欄干の上に置いてあるのか、あるいは欄干にもたれ掛かるようにして立った看板か何かに、真上からすっぽりと麻袋が被せてあるのか。

いや。

ドンゴロスではない。

欄干に腰かけた人間だ。

脚を外側に投げ出して座っている。

いや。

ドンゴロスだ。

あの膨らみと質感はどう見てもただの麻袋だ。

清水さんの頭はフルスピードで回転した。

人間だと言うなら、頭はどうだ。頭はあるか。腕はあるか?

麻袋だと言うなら、どうやってあの場所に留まっている?

時間にすれば十秒ほどだろう。怖いとは思わなかったが、そんなことを目まぐるしく自問自答したという。

そしてその真横を通り過ぎようとした時だった。

腰かけた状態から両腕で半身をぐっと持ち上げて、ひょいとむこう側に飛び降りる男の姿が、視界の隅に入った。

「うわっ」

思わず声が出た。

人間だったのか!

いや、あれはやはり麻袋で、ただ風で向こう側に落ちたのがそう見えただけではないのか。
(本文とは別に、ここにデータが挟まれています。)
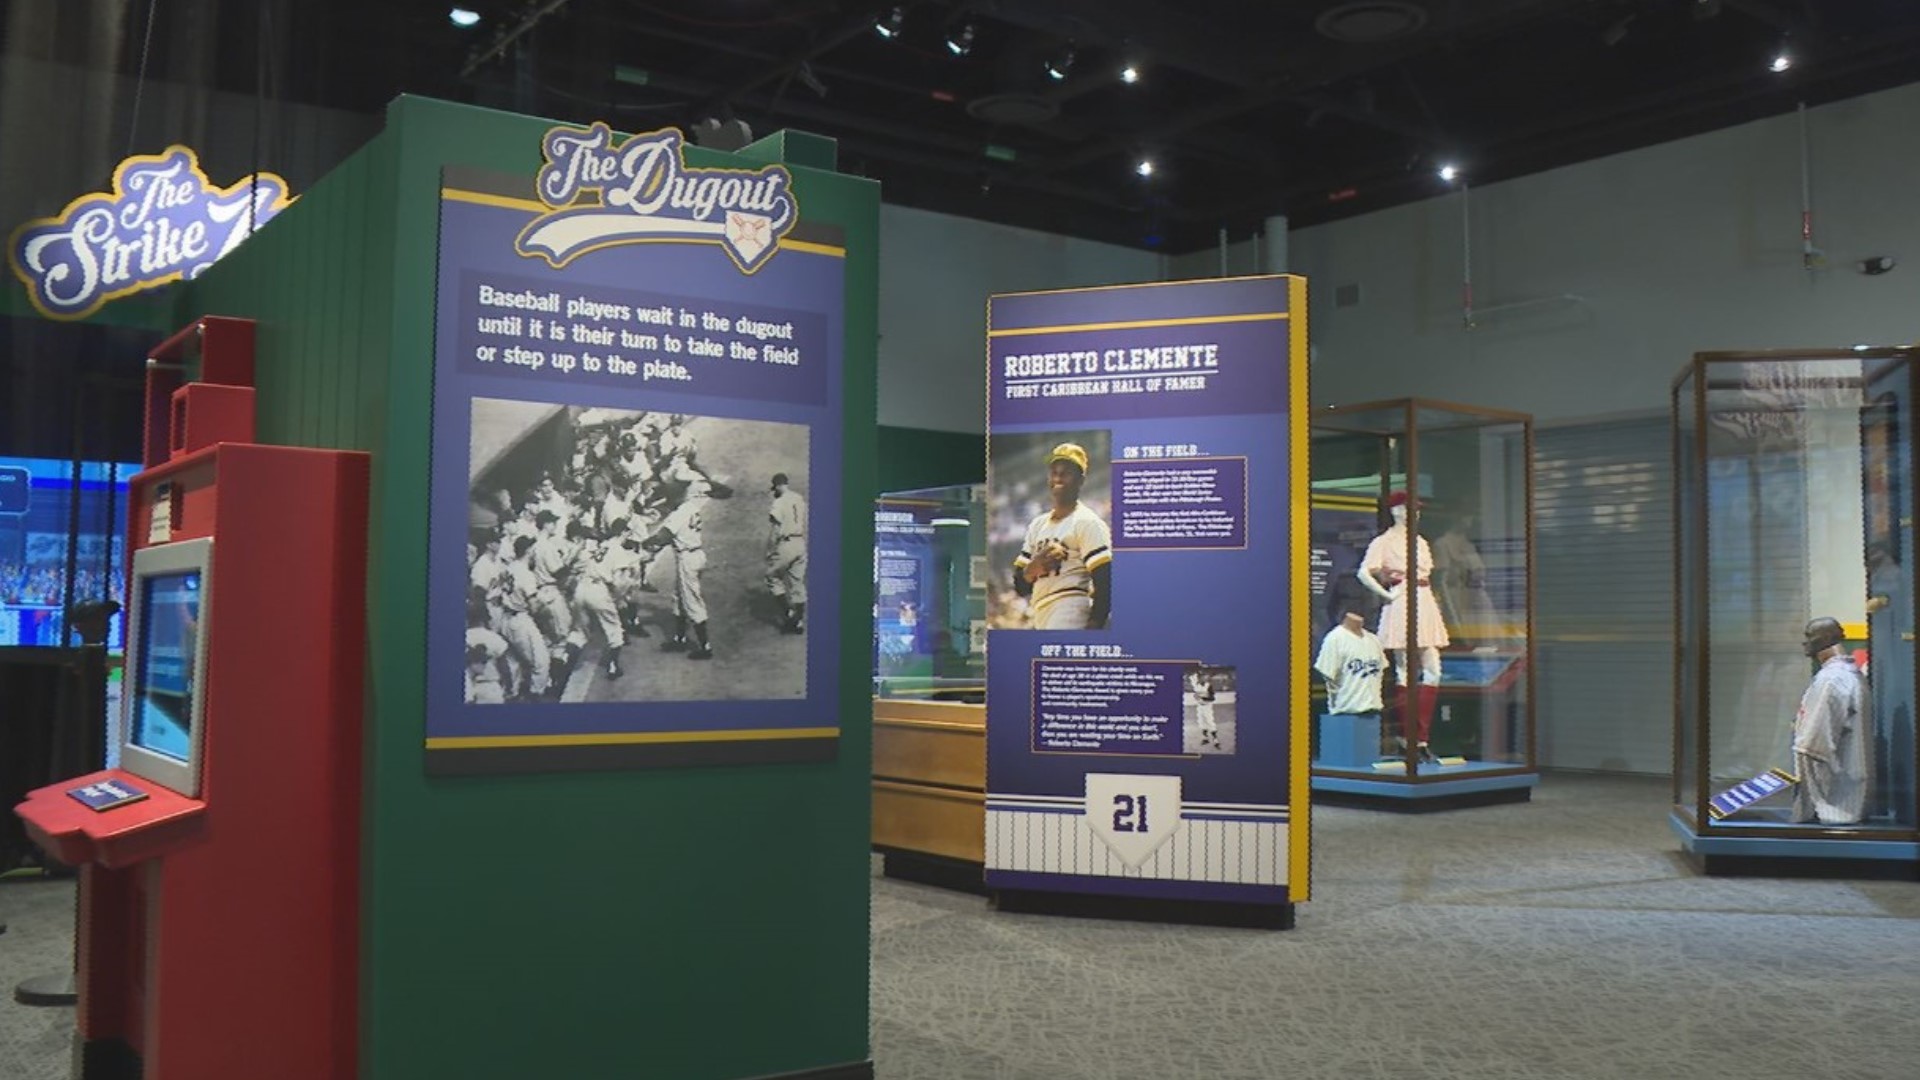 "Baseball Boundary Breakers" highlights anyone who brought something different while facing adversity, challenges and stereotypes to play the game they loved.

走り続ける車の中で、清水さんはなおも自問自答を繰りかえした。

清水さんは石橋から五十メートルほど進んだところで車を止めた。

-仮にあれがドンゴロスではなくて人間やとして、何かの理由で、いや理由なんて要らん。あそこに座っていた人間がいて、むこう側に落ちた理由が俺の車が通ったときの風圧やったとしたら……。下手をすれば、俺はひき逃げ犯にされてしまうかもしれん。

免許を取って何日も経っていないのに……。

両親に迷惑をかけてしまうことになるのか……。

だからこそ、知らん顔をして逃げて帰ることは出来ない。

麻袋ならばそれに越したことはない。むしろその可能性の方が高い。

清水さんは覚悟を決めたものの、泣きそうな心境で車をUターンさせた。

百メートルほど戻った清水さんは、そこで一旦止り、車を再びUターンさせた。

そのまま最初の方向に百メートルほど進んで、また同じ道を戻る。

暗い道で、清水さんはそんなことを何度も繰り返した。

男の姿どころか、どれだけ探してもその石橋が無かったのだという。